TASK DIRECTIONS: For any picture in the lines below, please leave it out and copy the rest exactly.

GIVEN INFORMATION:
=== Begin Enclosure ===
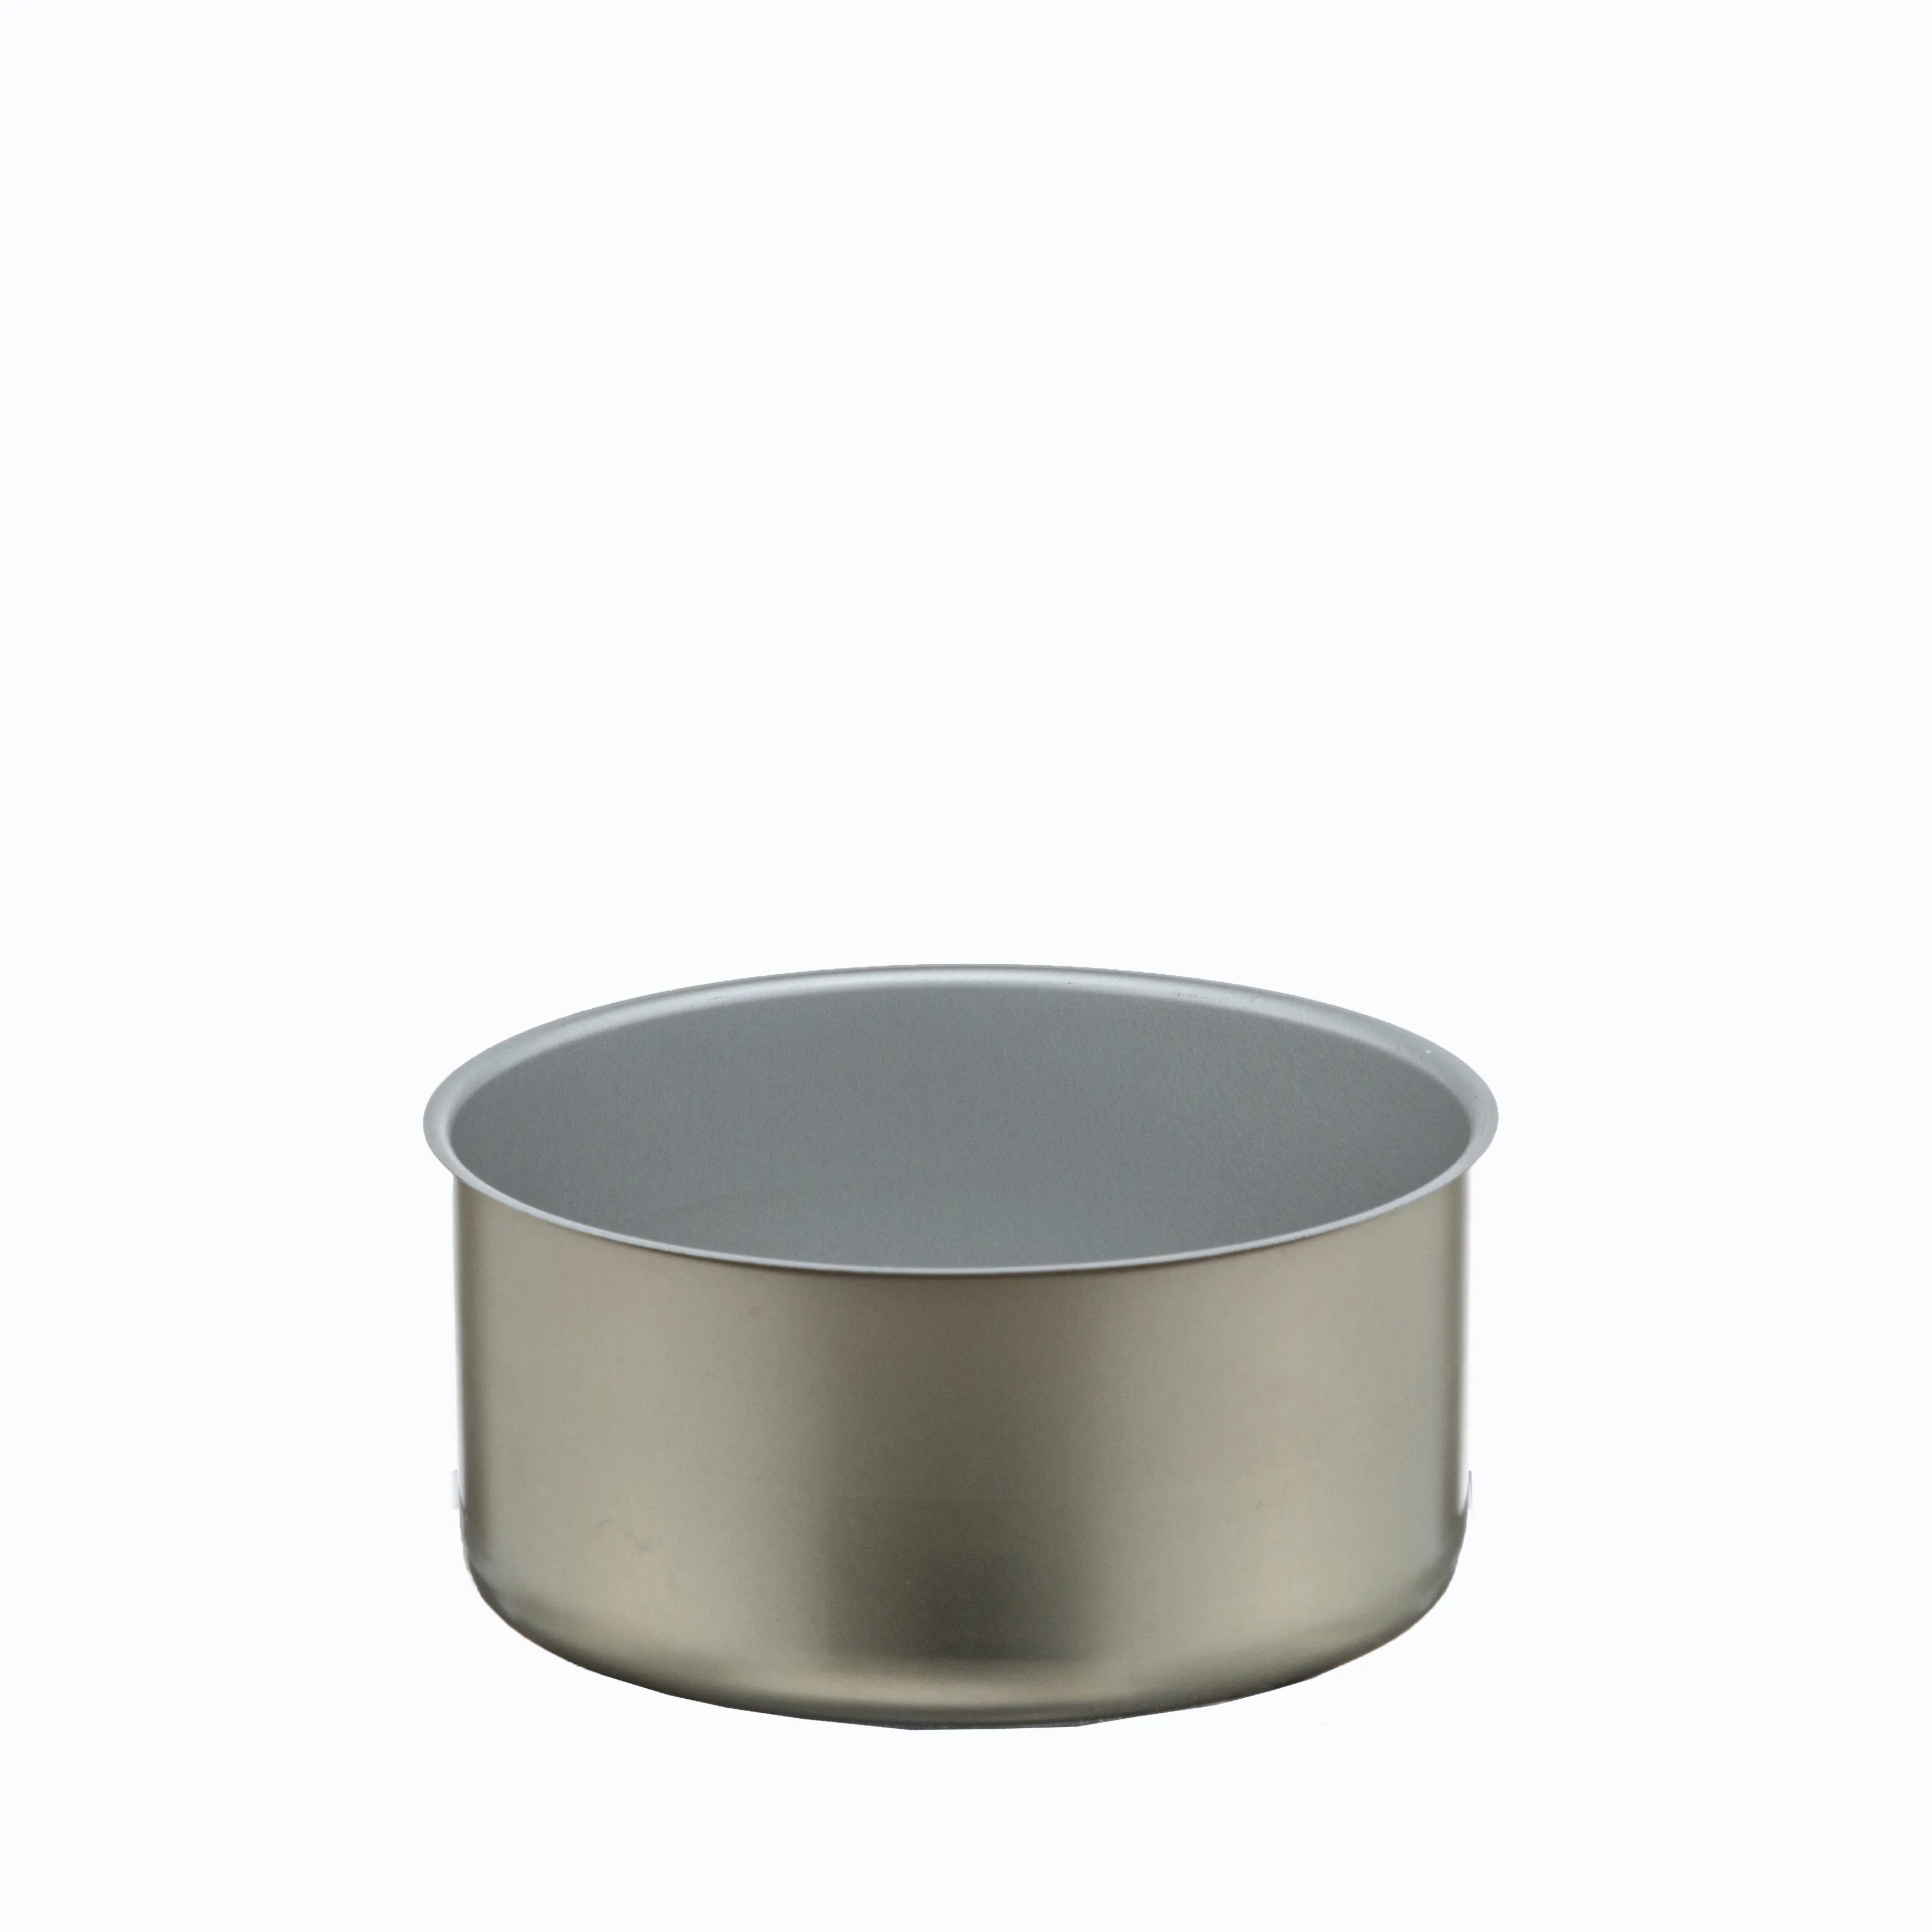 829# Hot Sale Food Grade Tuna Fish Metal Tin Can Empty Food Can Packaging with Easy Open Lid
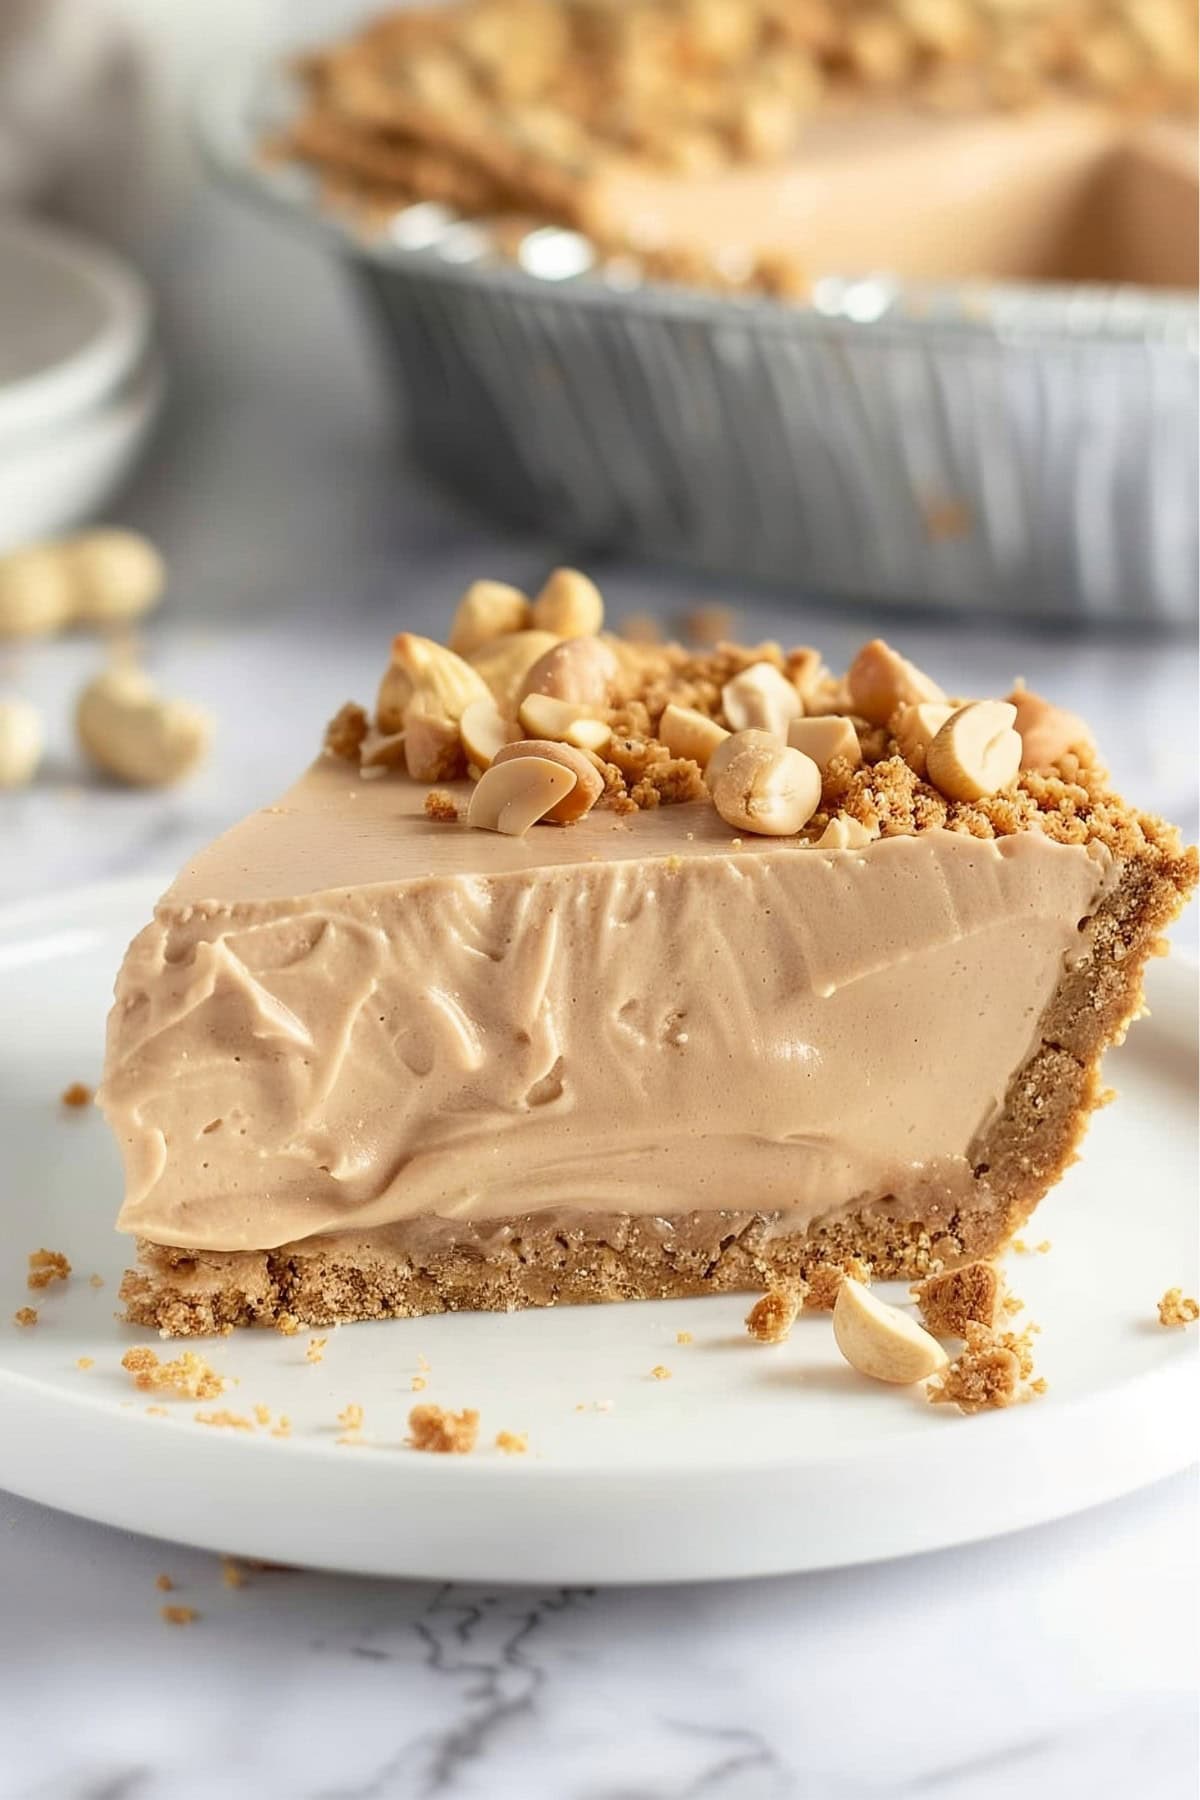 Close up of a Slice of Peanut Butter Cream Pie, Topped with Peanuts and Graham Cracker Crumbles on a White Plate with the Whole Pie in the Background
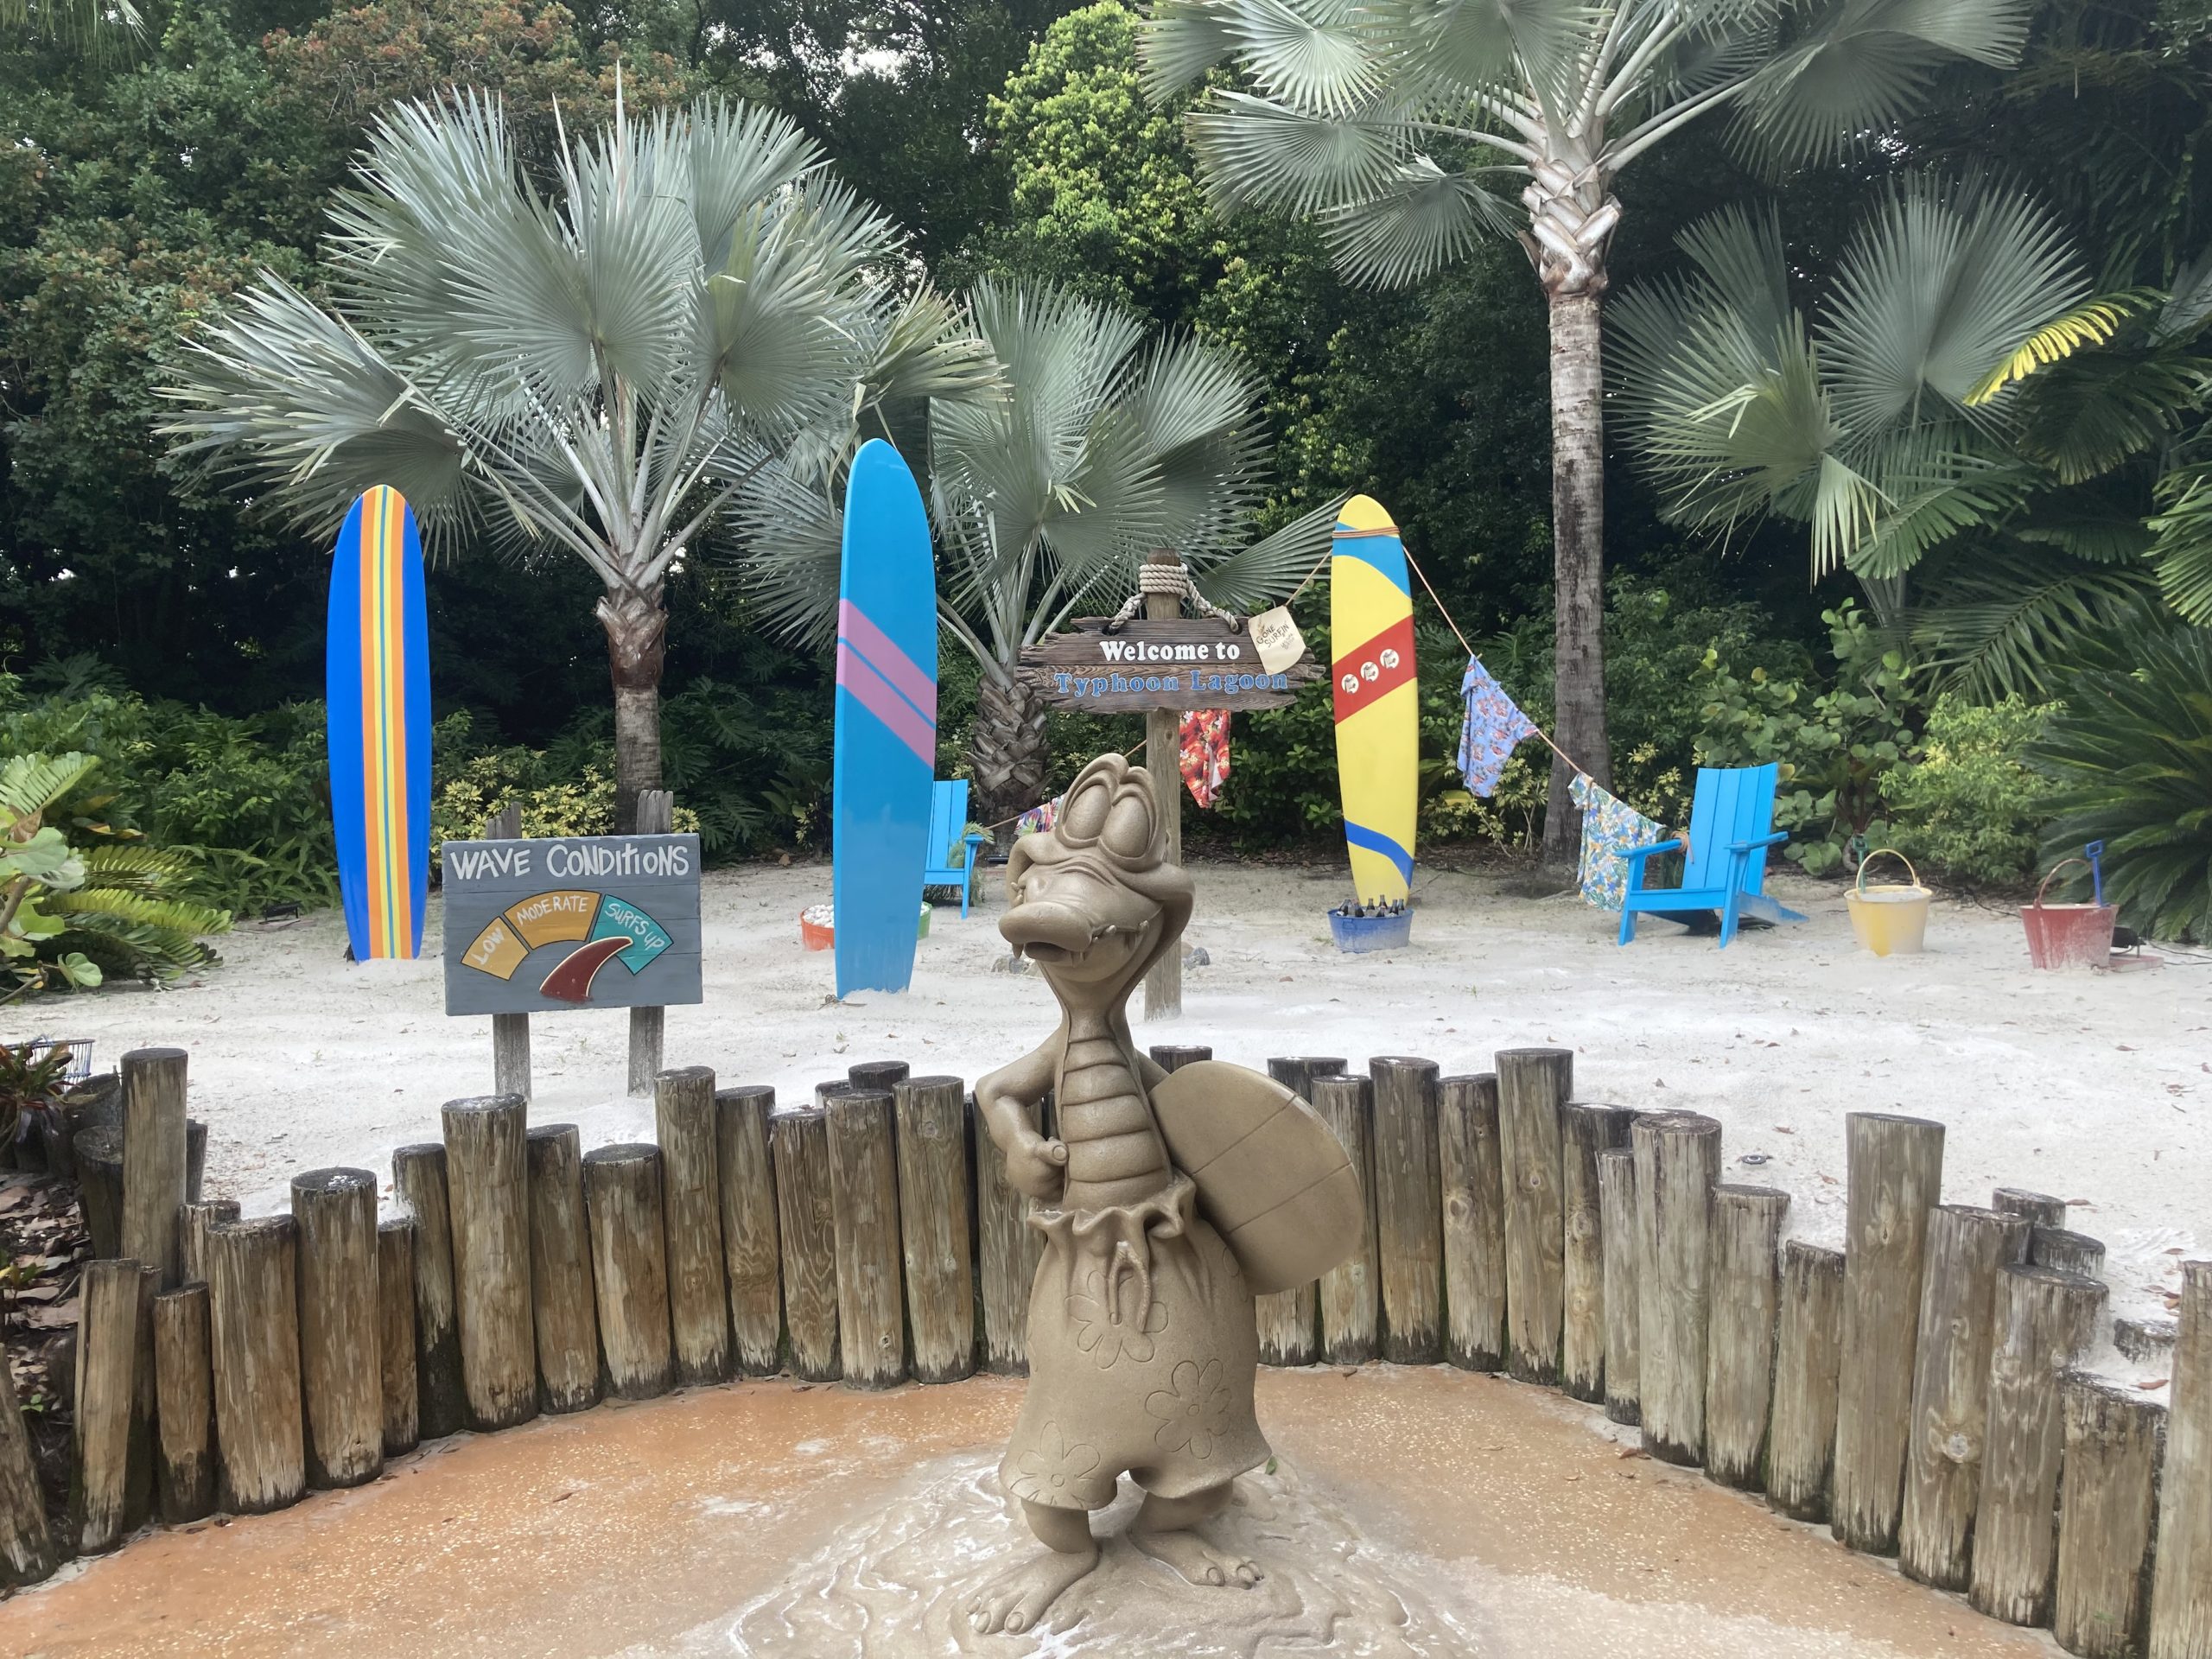 The Top 6 Things You Need to Do at Disney’s Typhoon Lagoon for a Swim-tastic Day
=== End Enclosure ===
TASK RESULT:
 829# Hot Sale Food Grade Tuna Fish Metal Tin Can Empty Food Can Packaging with Easy Open Lid
 Close up of a Slice of Peanut Butter Cream Pie, Topped with Peanuts and Graham Cracker Crumbles on a White Plate with the Whole Pie in the Background
 The Top 6 Things You Need to Do at Disney’s Typhoon Lagoon for a Swim-tastic Day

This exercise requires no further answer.